The CLOCQ KB makes use of the wikidata-core-for-QA repo, which was a joint effort with Magdalena Kaiser to prune irrelevant facts from Wikidata. So given the latest .nt dump from Wikidata, the dump first needs to be pre-processed as indicated in the repo.
After that, the CLOCQ KB-index can be applied. This is done using the csv_to_clocq script.
If you want to use CLOCQ for entity linking, you may find our pruning module helpful. The original CLOCQ code is mainly designed for search space reduction, for which linking all mentions was found to be beneficial.

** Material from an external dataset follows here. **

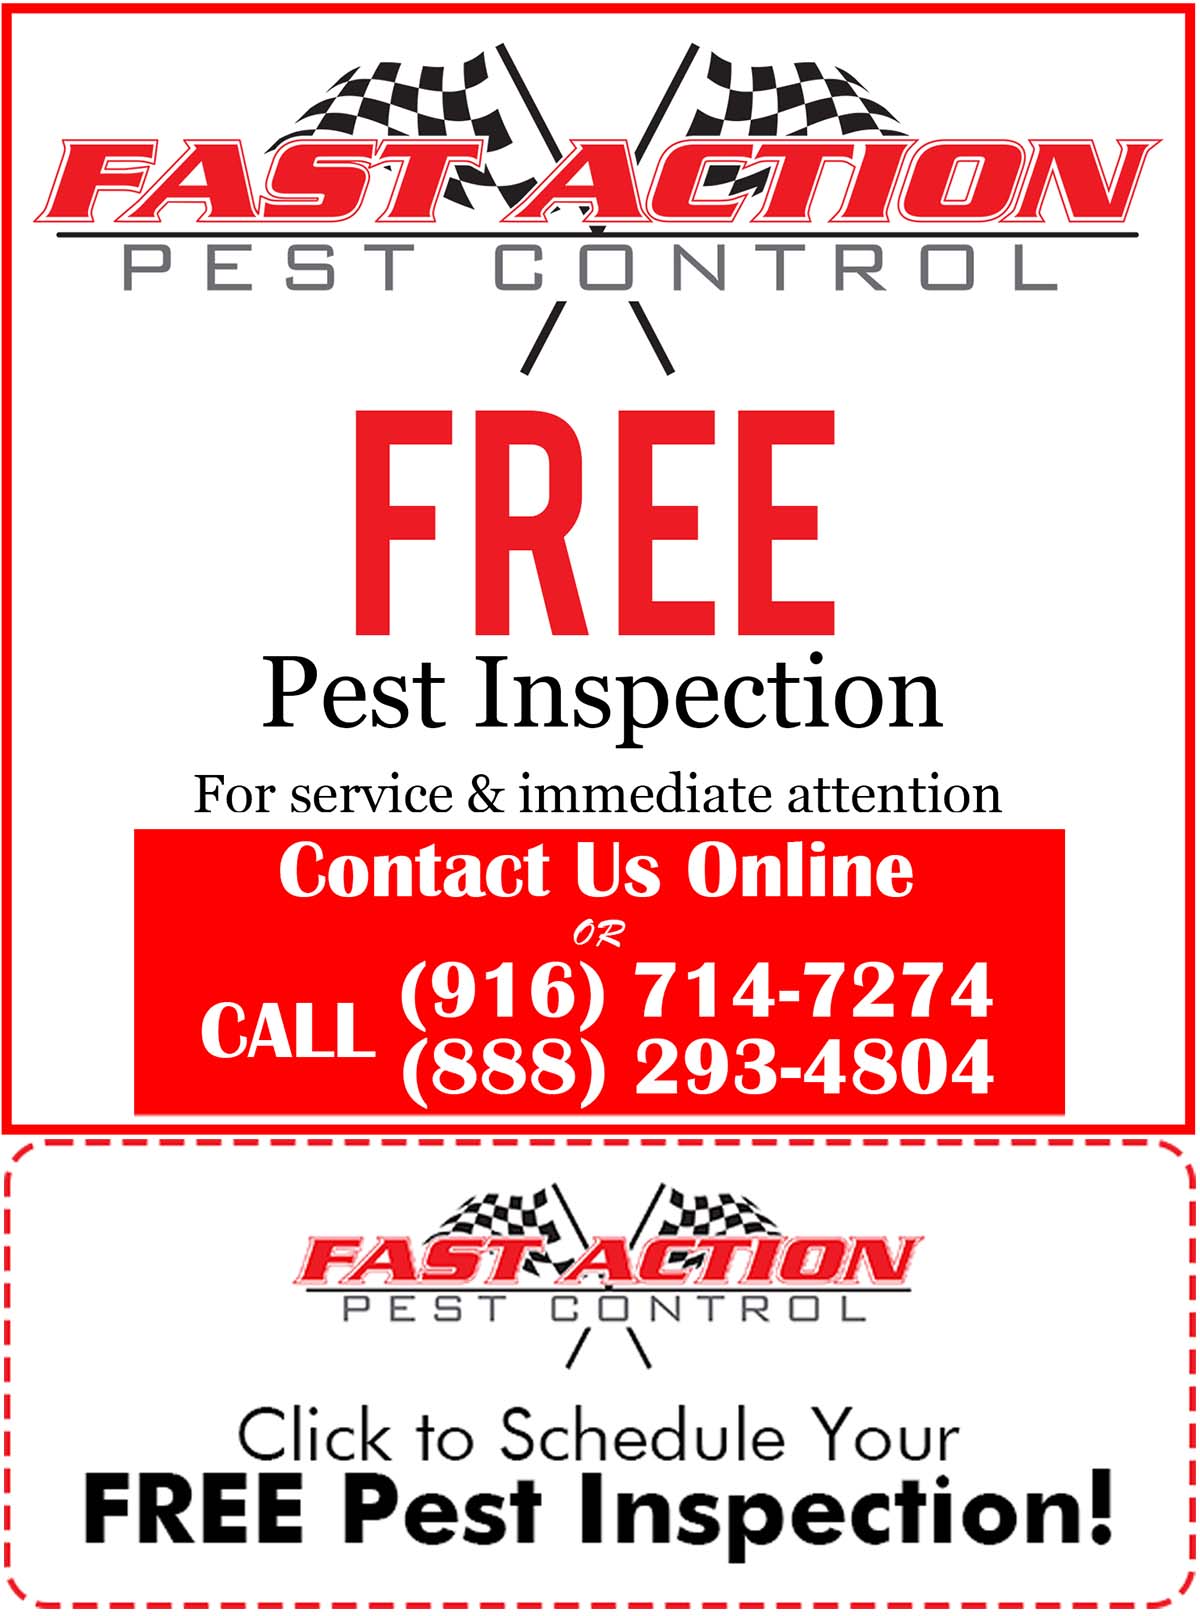 Fast Action Pest Control. Elk Grove Insect & Rodent Exterminators. Top Rated Pest Service, Best Pest Control Company in Elk Grove, CA. & surrounding
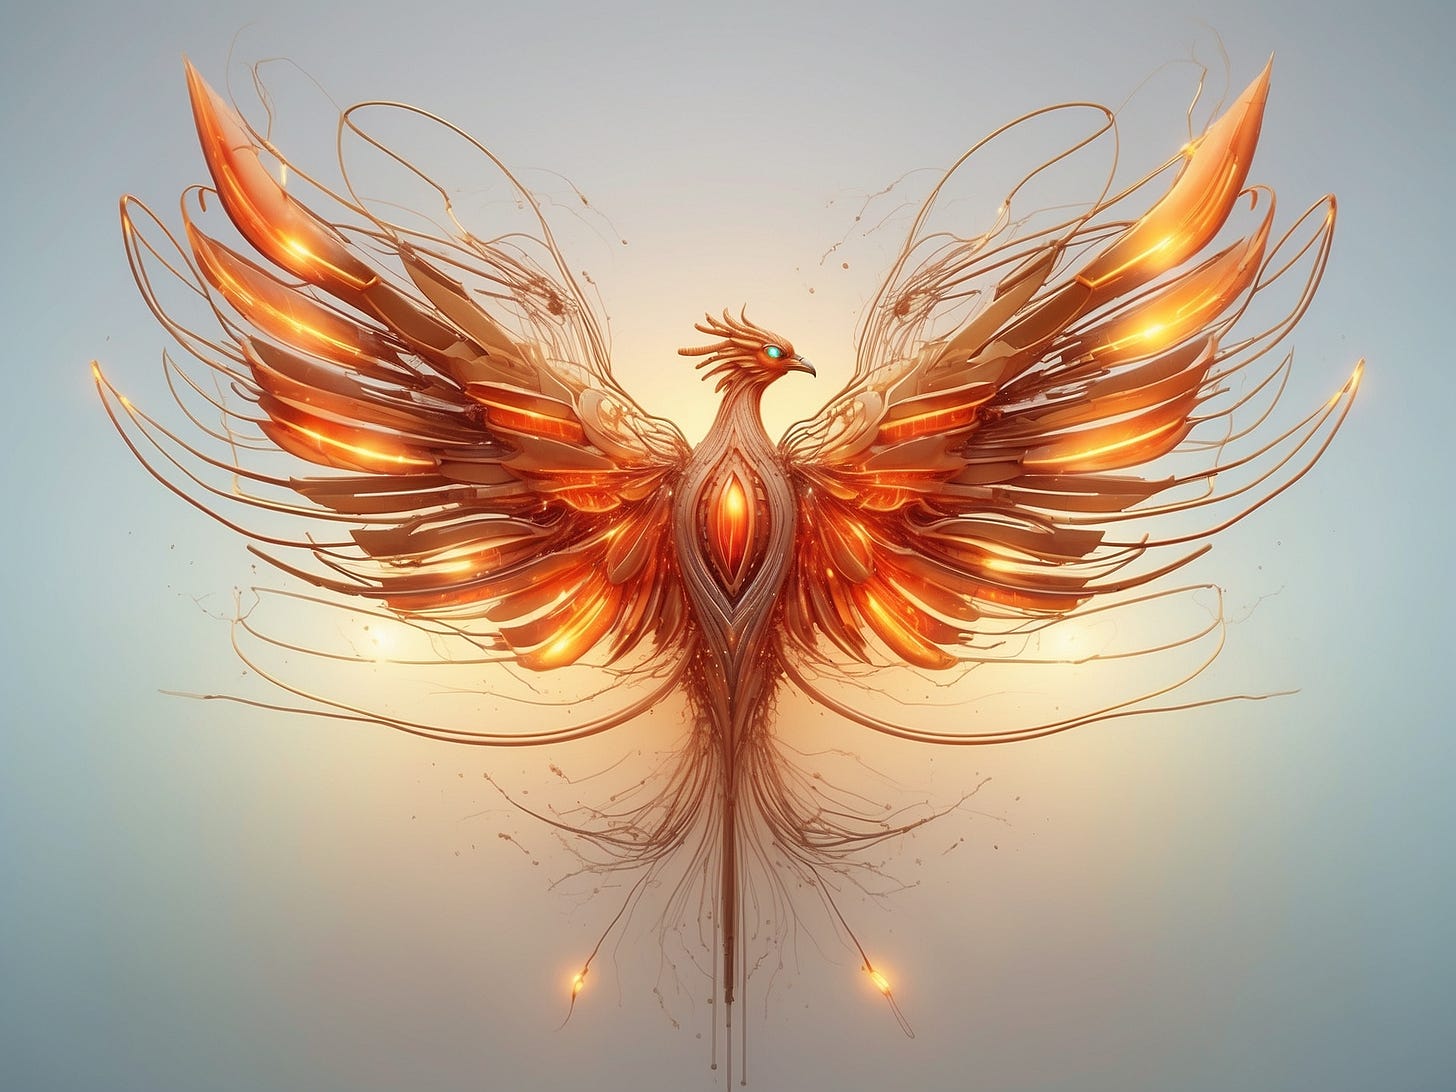 An intricate and radiant phoenix in mid-flight, with shimmering golden-orange wings unfurled against a soft blue background. The phoenix's body glows with an inner light, and its feathers appear to be made of delicate, flowing filaments.

However, on entity linking tasks, this may easily reduce the precision. Therefore, we proposed a module to prune disambiguated KB items, that are not required for entity linking, to adapt CLOCQ to the entity linking challenge of the SMART 2022 Task.
The CLOCQ project by Philipp Christmann, Rishiraj Saha Roy and Gerhard Weikum is licensed under MIT license.